Aggregating and Filtering at One Time in SQL
2021-04-06

When it comes to reporting some statistics by group in SQL, we will think of using the aggregate functions and, if needed, the WHERE clause for filtering. However, the WHERE clause doesn't allow you to filter on aggregate columns. To complete the query at one time without subqueries, we need the help of the HAVING clause.

Aggregate Functions

There are four popular aggregate functions in SQL:

  • COUNT counts the number of non-NULL rows in a column

    • COUNT(DISTINCT price) counts the number of the distinct non-NULL values in price.
  • SUM adds together all the values in a numeric column

    • NULL is treated as 0.
  • MIN and MAX return the lowest and highest values in a numeric column, respectively

  • AVG calculates the average of a group of selected values

    • It can ONLY be used on numerical columns.

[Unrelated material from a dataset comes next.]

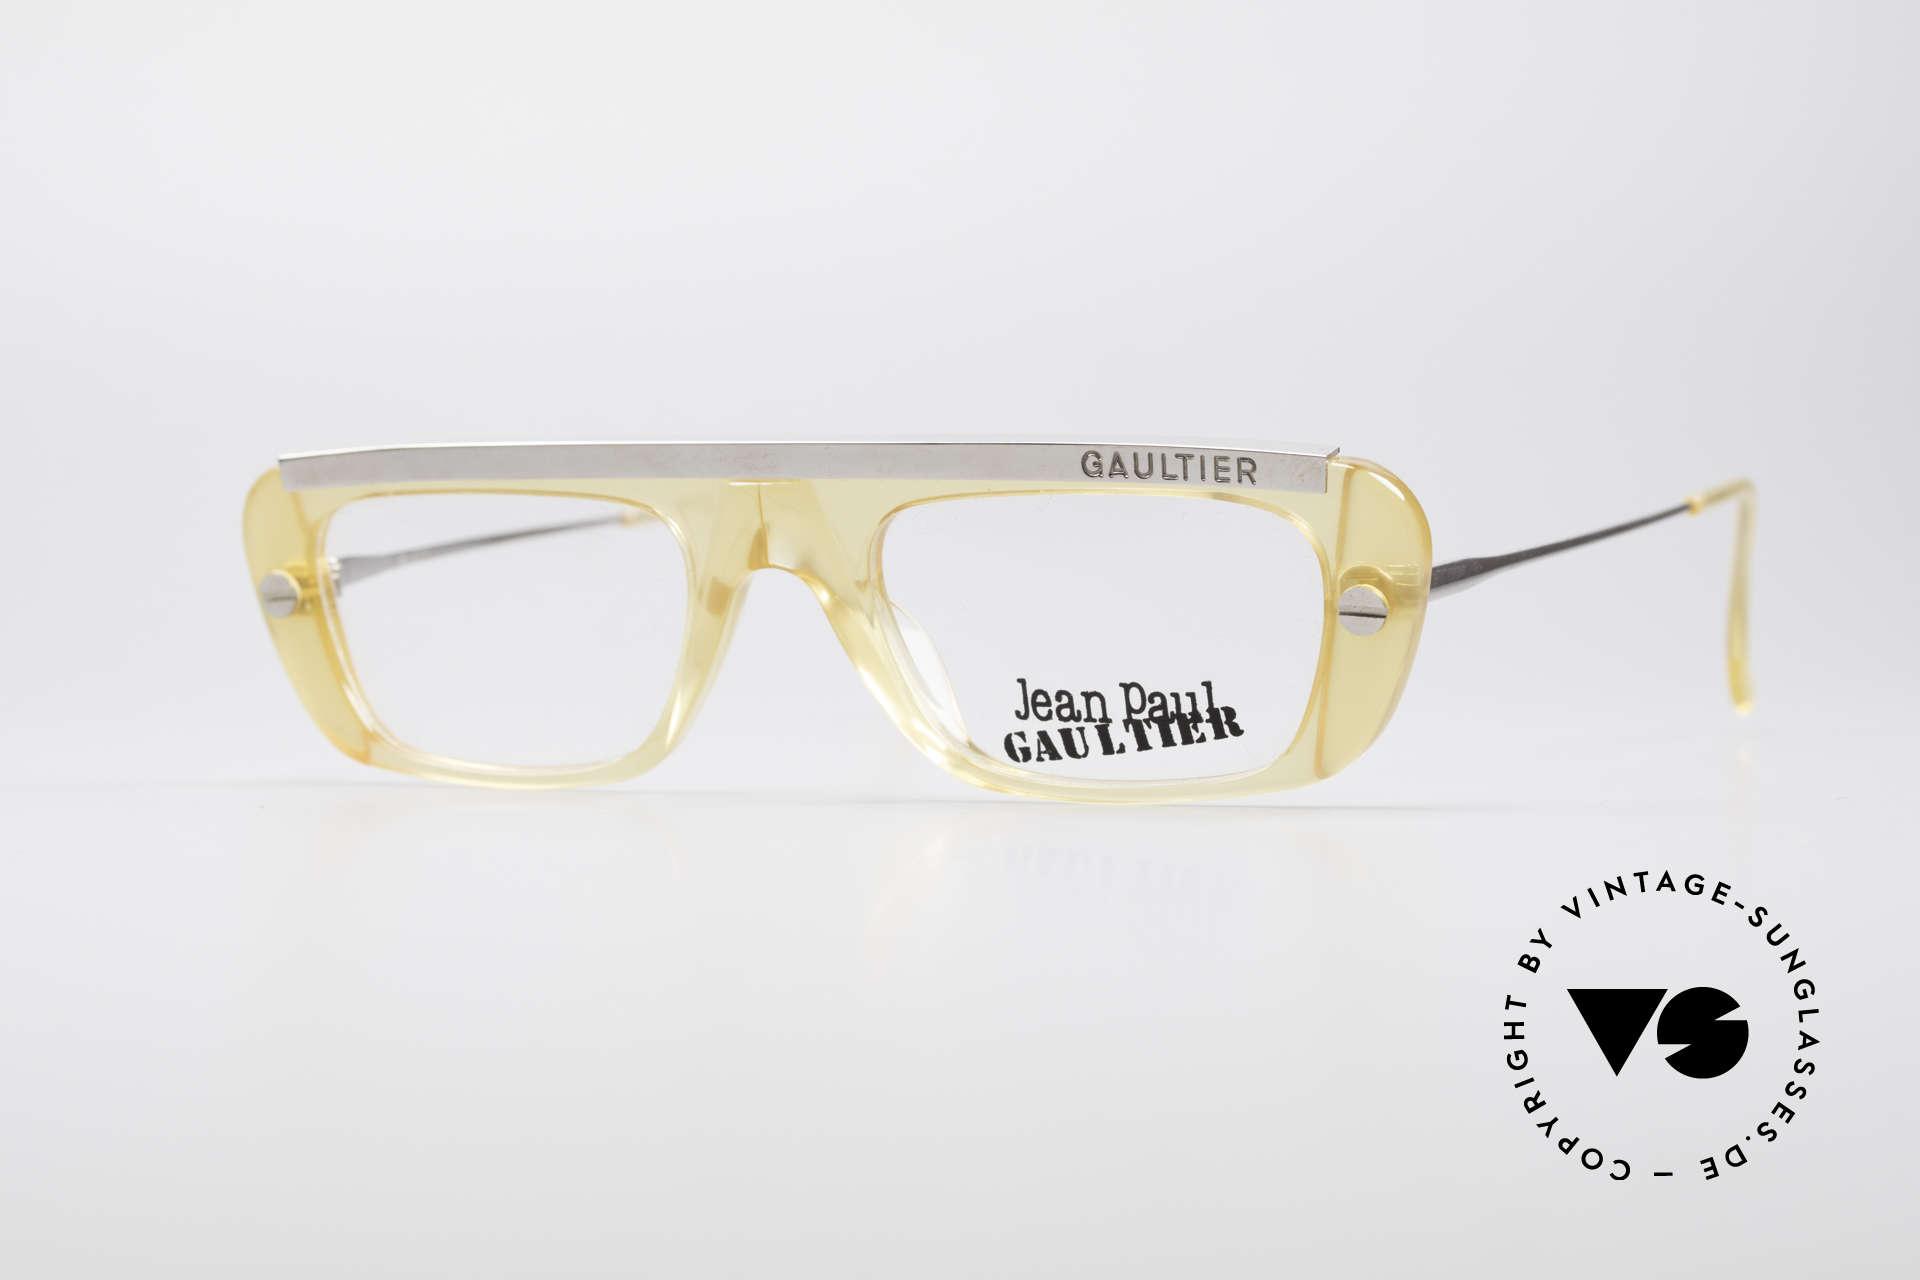 Jean Paul Gaultier 55-0771 Striking Vintage JPG Frame, striking Jean Paul GAULTIER vintage eyeglasses, Made for Men and Women

    • NULL is ignored in the calculation.

      1
      2
      3
      4
      5
      6
      SELECT AVG(price)
        FROM tutorial.storesales
      WHERE price IS NOT NULL
      ---- Equivalent Query ----
      SELECT AVG(price)
        FROM tutorial.storesales

Aggregate by Group

For example, you might want to count the number of entries for each year and month.

1
2
3
4
5
6
SELECT year,
    month,
    COUNT(*) AS count
 FROM tutorial.storesales
GROUP BY year, month
ORDER BY month, year

Filtering

What if we are only interested in the months when the highest price is over 200.

1
2
3
4
5
6
7
8
9
10
11
12
13
14
15
16
17
18
SELECT year,
    month,
    MAX(price) AS month_high
 FROM tutorial.storesales
GROUP BY year, month
HAVING MAX(price) > 200
ORDER BY year, month
---- Equivalent Query ----
SELECT *
FROM (
    SELECT year,
       month,
       MAX(price) AS month_high
     FROM tutorial.storesales
    GROUP BY year, month
   ) sub
WHERE month_high > 200
ORDER BY year, month
  • Using the aggregate function and the HAVING clause at one time to filter on an aggregated column.
  • The WHERE clause does not work in this case.